カインクムとしたら、そんなものなのかと、ただ、ぼーっと、その様子を眺めていた。
「どうだ。 殿下の様子からしたら、あれは、他の貴族や商人達から、2人は、私が先に目をつけた。 だから、抜け駆けをするなら、私を敵に回すことになると、暗にアピールしているんだぜ」
ジュエルイアンの解説を聞いて、カインクムは、表情が真剣なものになった。
(それでも、構わないのか。 いずれにせよ、フィルランカが、どう考えるかだ。 イスカミューレン商会に入れるなら、……。 それに、リズディア様に、あれだけ、気に入られているなら、悪いようにされることはないだろう。 だったら、卒業後は、イスカミューレン商会にお世話になってもいいのかもしれないな)
カインクムは、フィルランカの周りに居る、モカリナとイルーミクを見た。
そして、娘のエルメアーナを見る。
(そうだな。 エルメアーナの将来となったら、フィルランカと2人で、俺の店を継いで、生きるというのも手だが、大手のイスカミューレンの傘下で、フィルランカとエルメアーナが、世話になることだって、良い方法だな)
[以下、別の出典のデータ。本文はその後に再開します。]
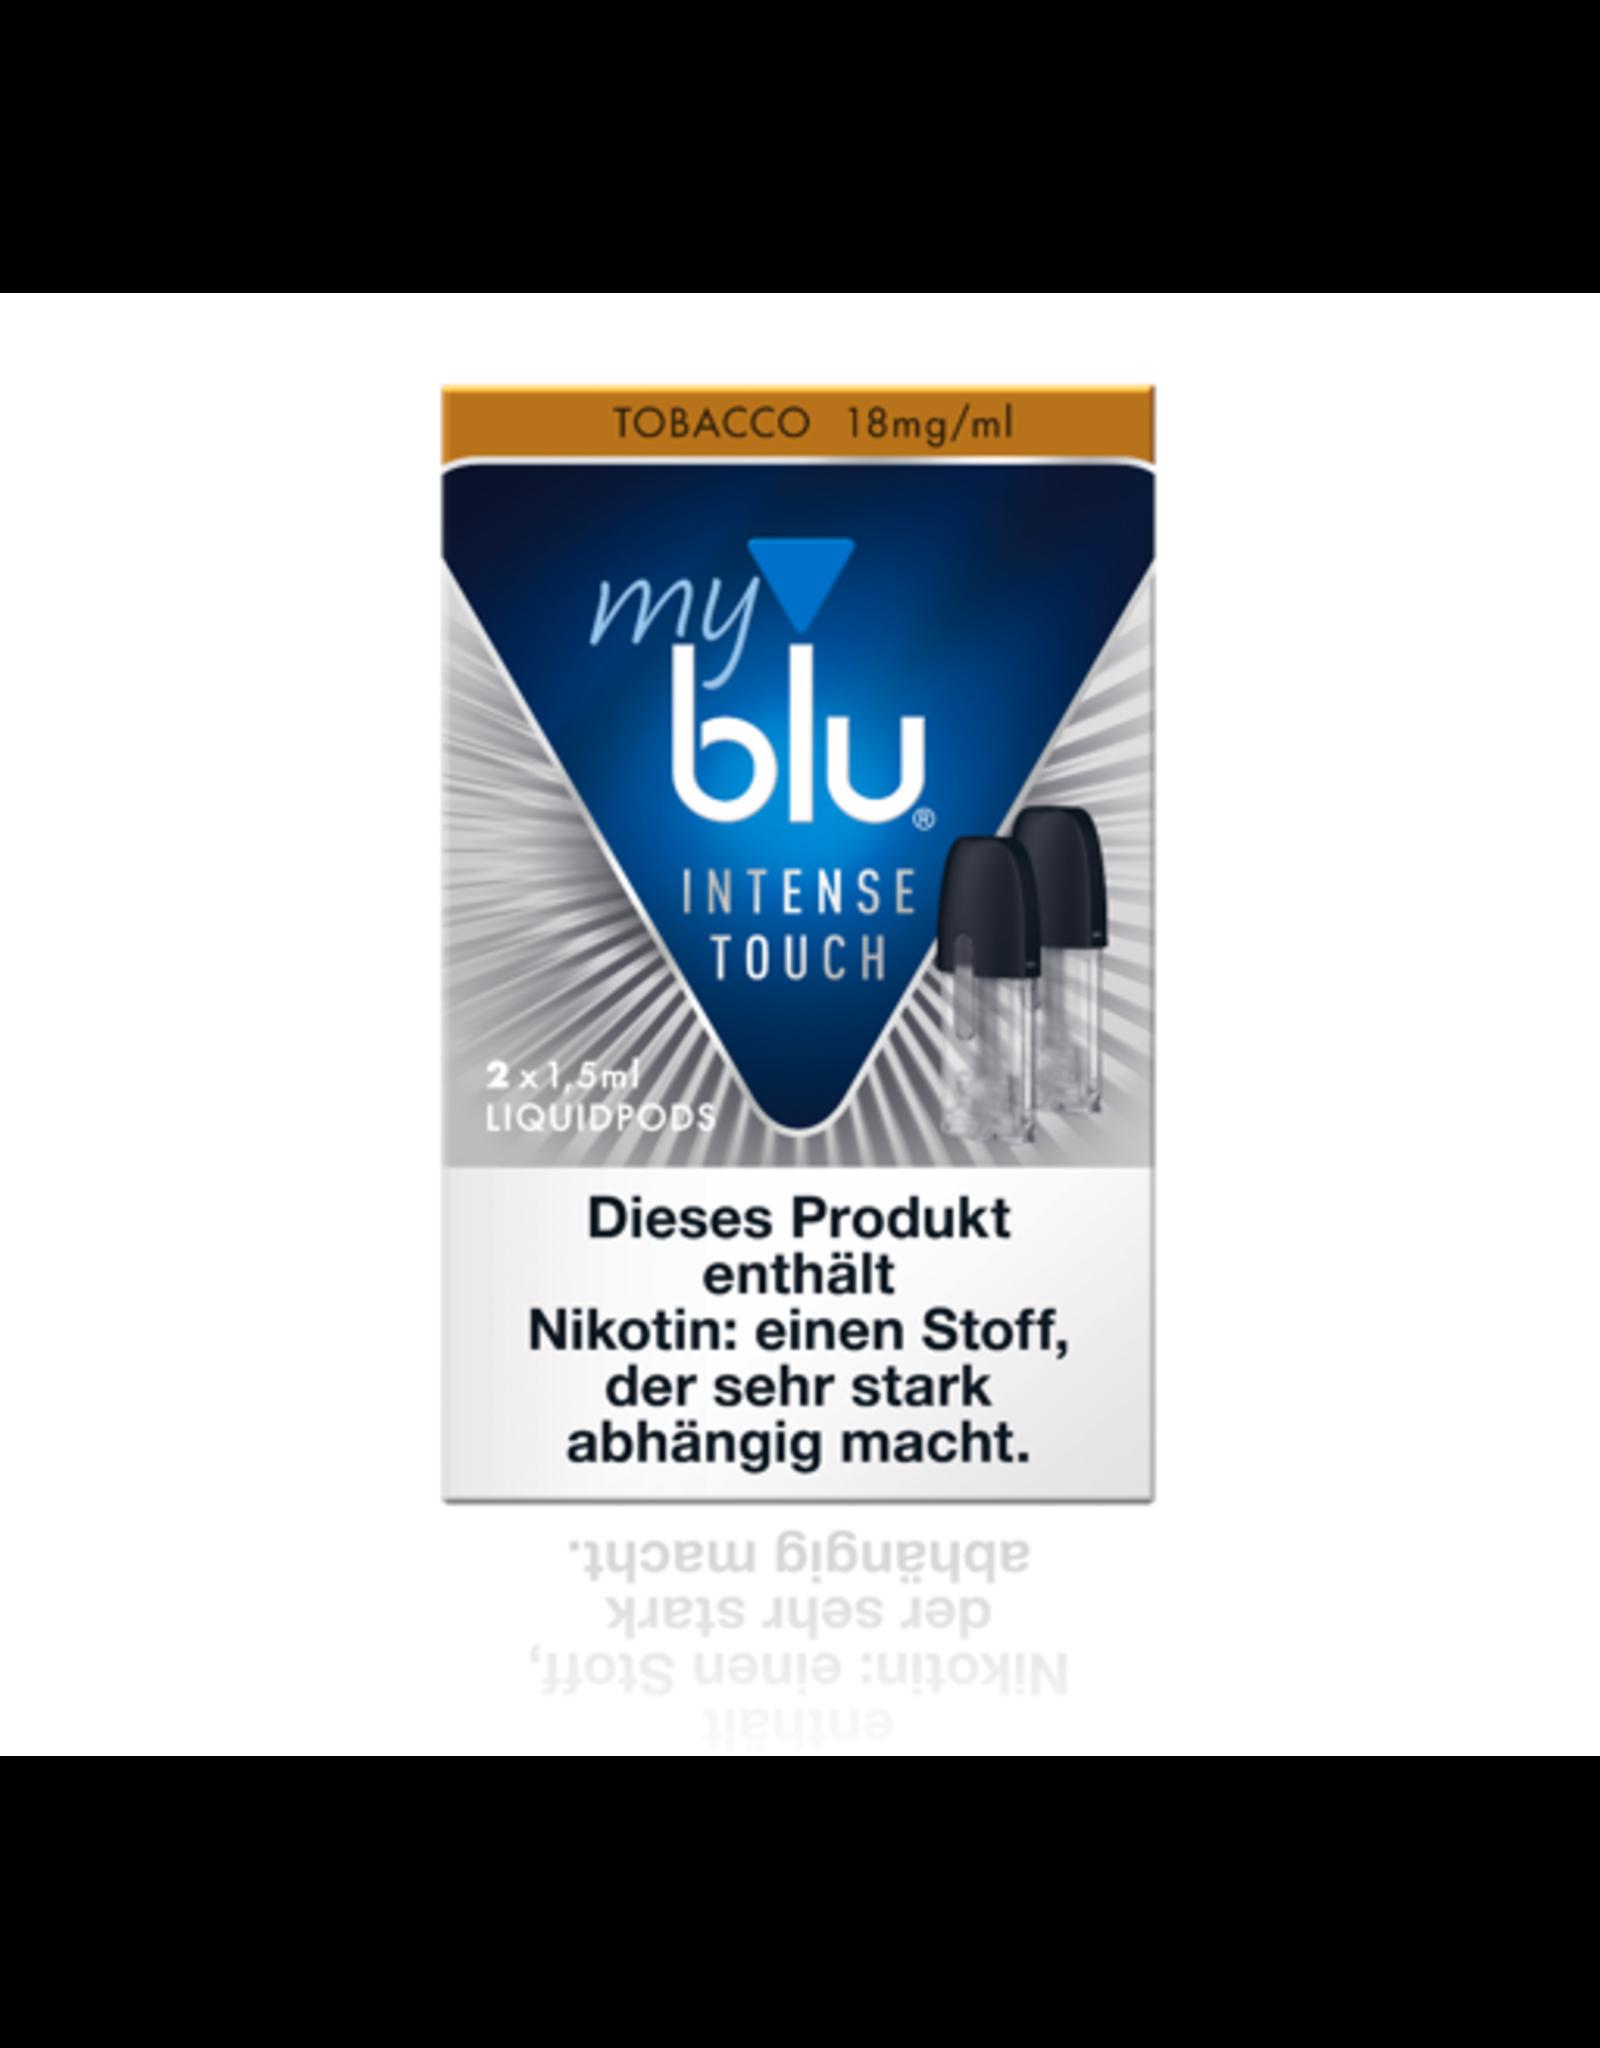 My Blu myblu INTENSE TOUCH TOBACCO 18mg/ml LIQUIDPOD

カインクムは、黄昏たような表情で、2人の娘の将来について考えつつ、その様子を見ていた。
そんなカインクムに、ジュエルイアンは、意地悪そうな表情をして、チラリと視線を向けた。
「それに、フィルランカは、18歳になるんじゃないのか? お前との約束の期限は、2年後じゃないのか?」
そのジュエルイアンの言葉に、カインクムは、ギクリとした。
(あっ! やっぱり、こいつに、その話はするんじゃなかった)
カインクムは、後悔するような表情をした。
「フィルランカを、引き取るときの約束は、どうするんだ? お前は、10年後に今と同じ気持ちだったら、嫁に貰うと約束しているんだろ」
カインクムは、顔を少し赤くした。
「その約束を、フィルランカは、解消してほしいと言ってきたのか?」
カインクムは、その言葉が、心に刺さったようだ。
「高等学校時代なら、学校で、気になる男子だってできるはずだ。 だが、ヒュェルリーンの話だと、フィルランカに、そんな浮ついた話は、一切無かったと聞いている。 案外、フィルランカは、10歳の時の約束を、今でも大事にしているんじゃないのか?」
カインクムは、黙ったまま、ジュエルイアンの話を聞いていた。
「まっ、その話は、お前とフィルランカの問題だ。 俺は、なんも関与はしない。 ただ、殿下の様子を見ていると、フィルランカに虫が付く可能性は、限りなく低いだろうな」
ジュエルイアンは、フィルランカ達の周りを、遠巻きに見ている男女学生と、その親達と思われる人達を見た。
それは、リズディア達の輪の中には、入れそうも無いと、表情に出ているようだった。